§ Dataset excerpt
----

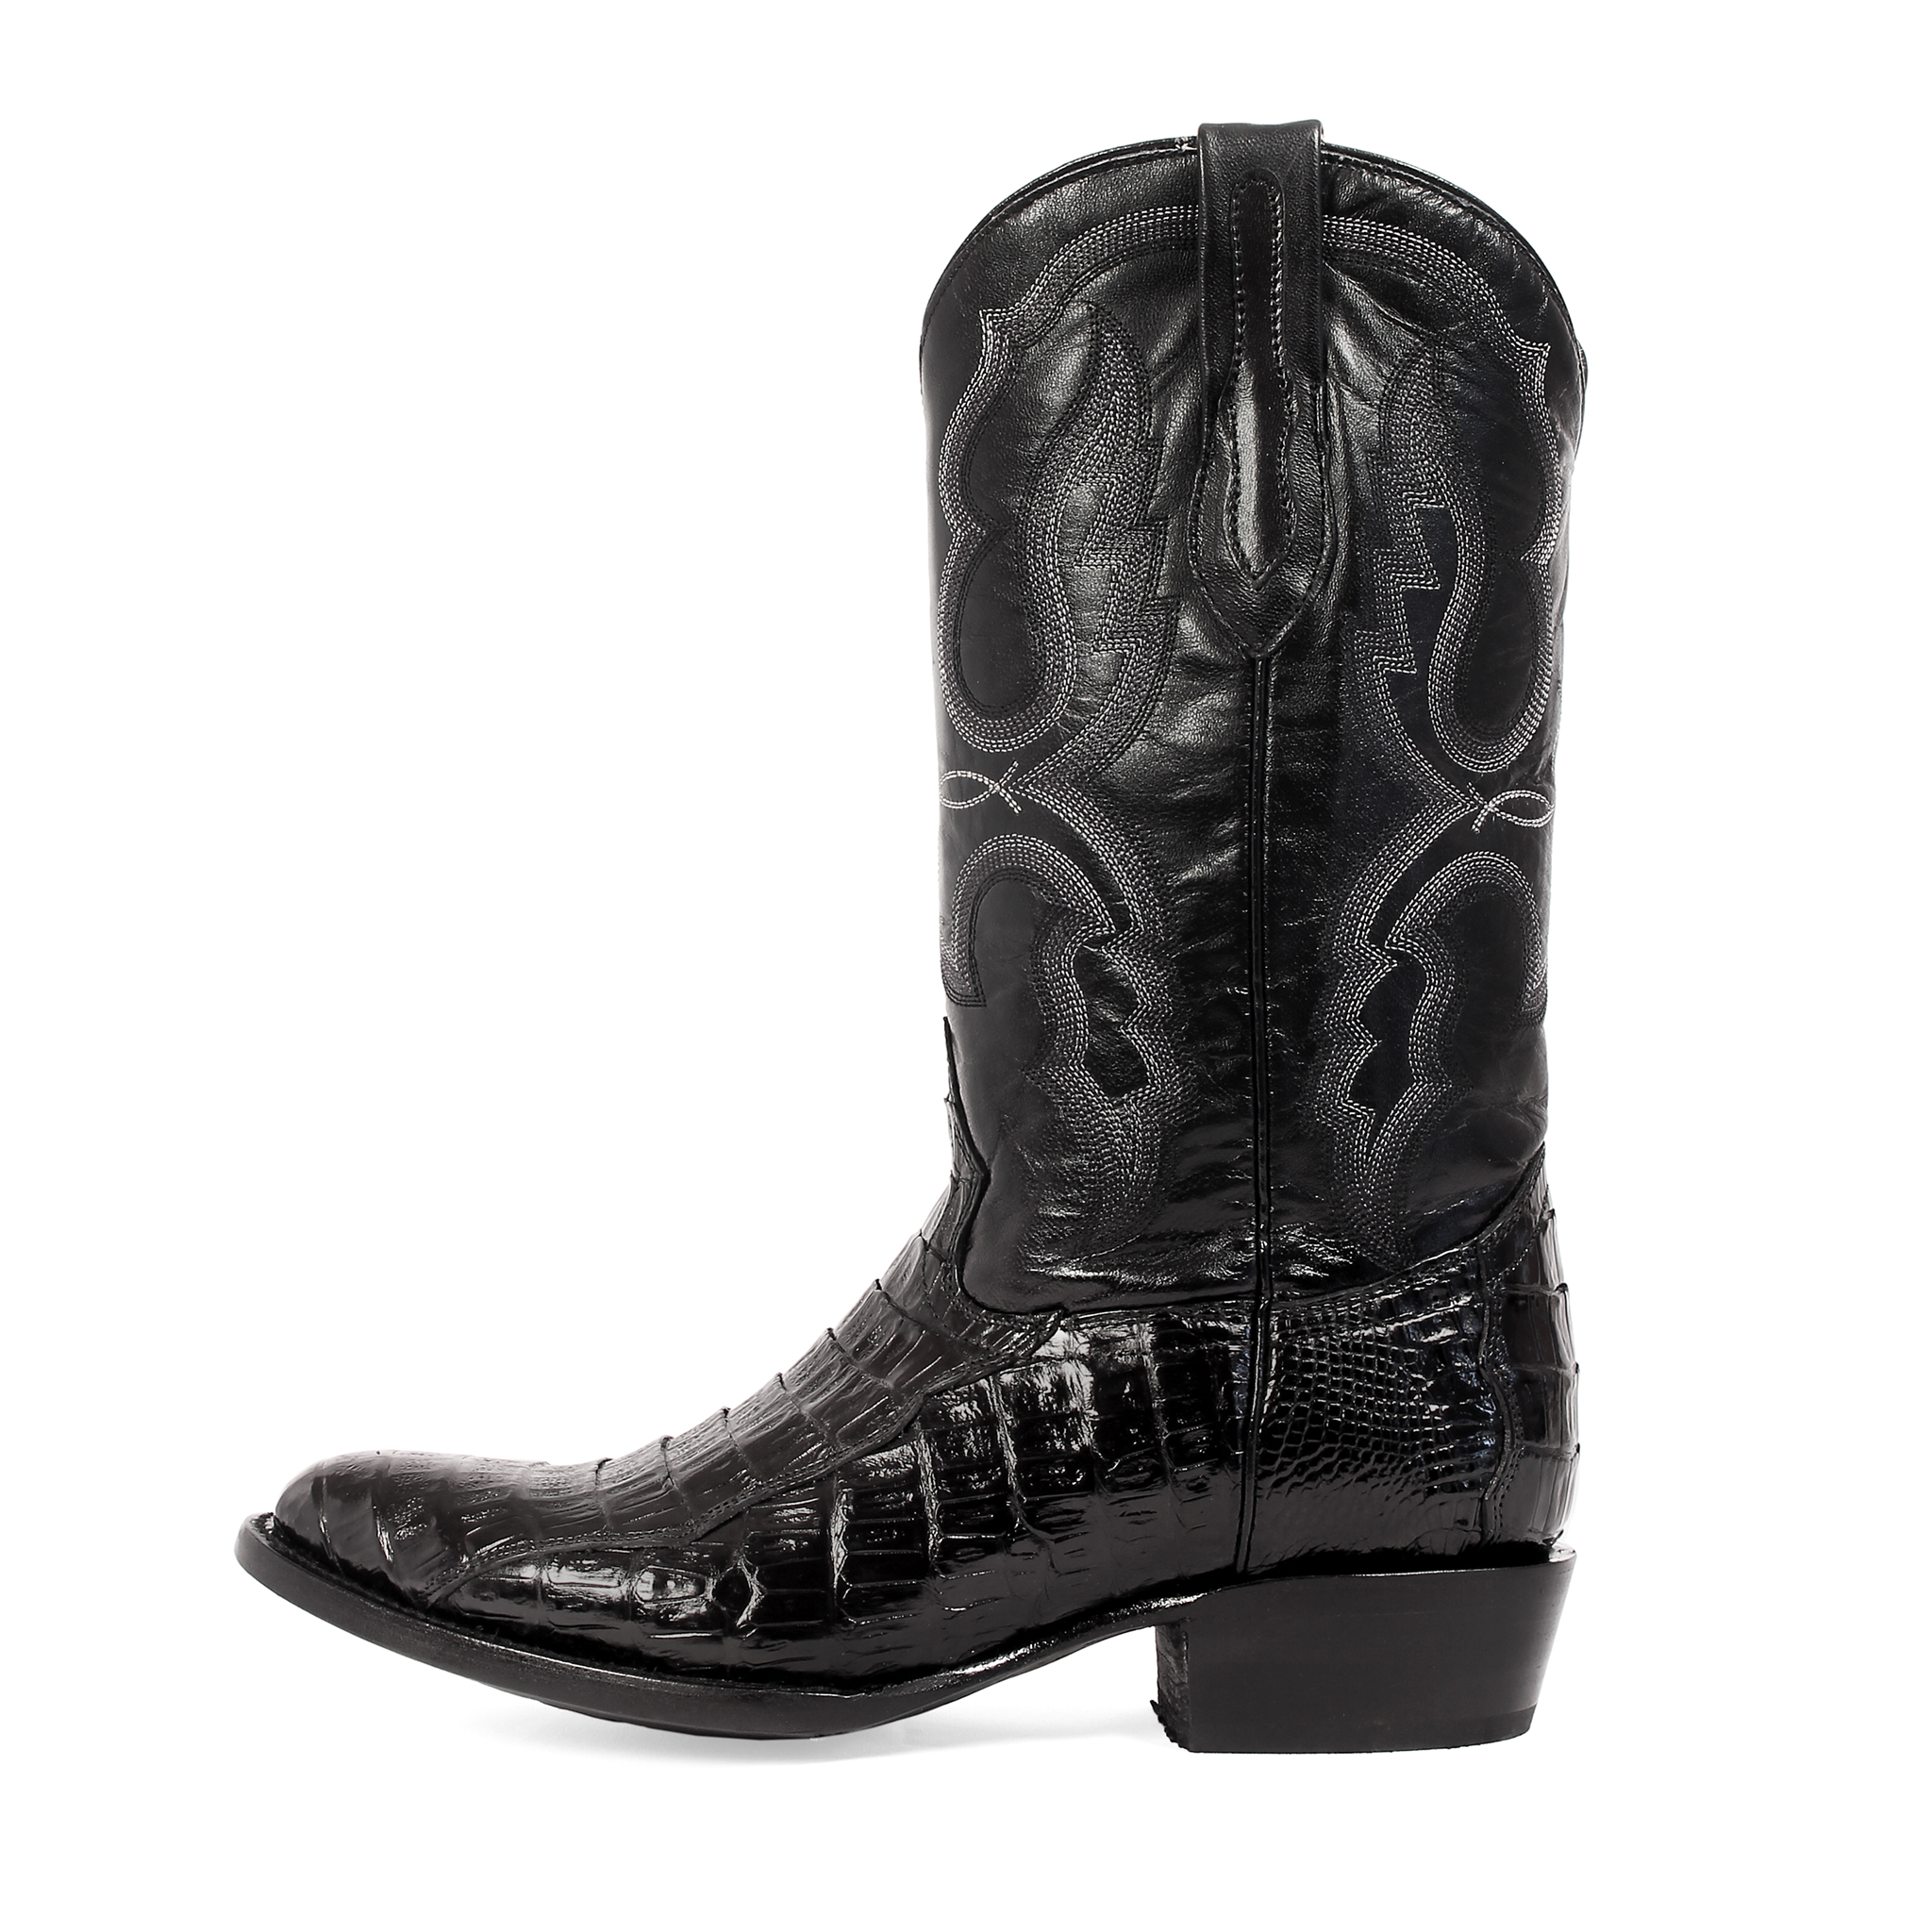 Men's Western Boot –The Malone by J.B. Dillon Western Wear
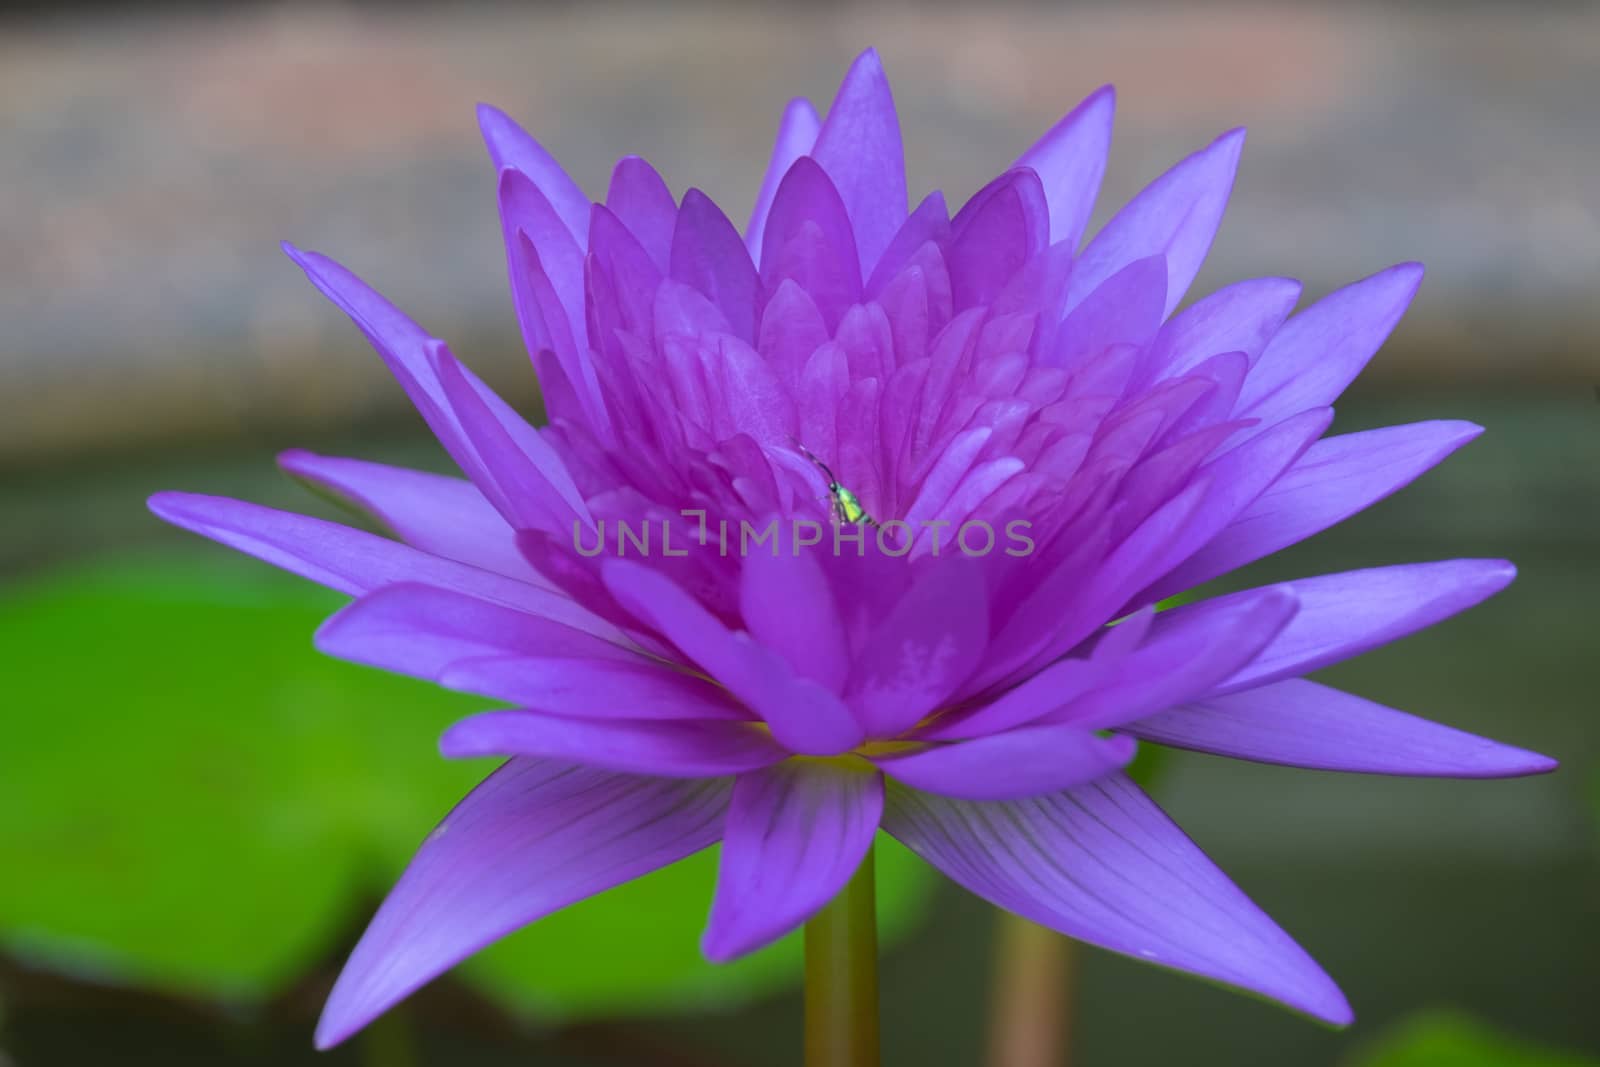 One purple lotus flower blooming
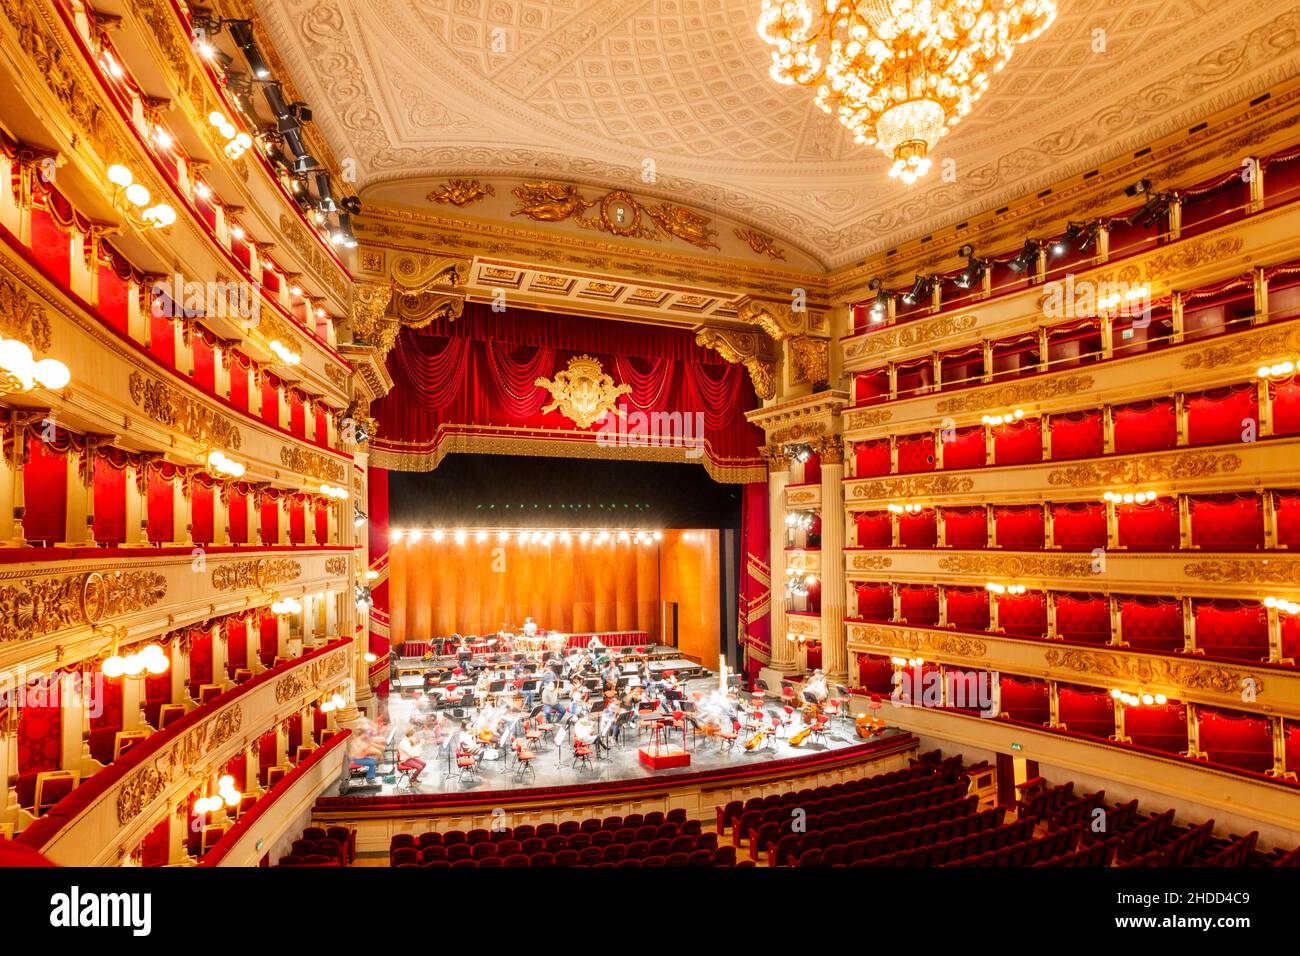 La Scala, o Teatro alla Scala, è un teatro lirico di Milano. È considerato uno dei teatri lirici e balletti più importanti del mondo. Foto Stock

----

§ Instructions for the task
Only the lines from the one containing "One purple lotus flower blooming" through the final line of the data are to be written out, exactly as they stand and without pictures.

§ Exercise result
 One purple lotus flower blooming
 La Scala, o Teatro alla Scala, è un teatro lirico di Milano. È considerato uno dei teatri lirici e balletti più importanti del mondo. Foto Stock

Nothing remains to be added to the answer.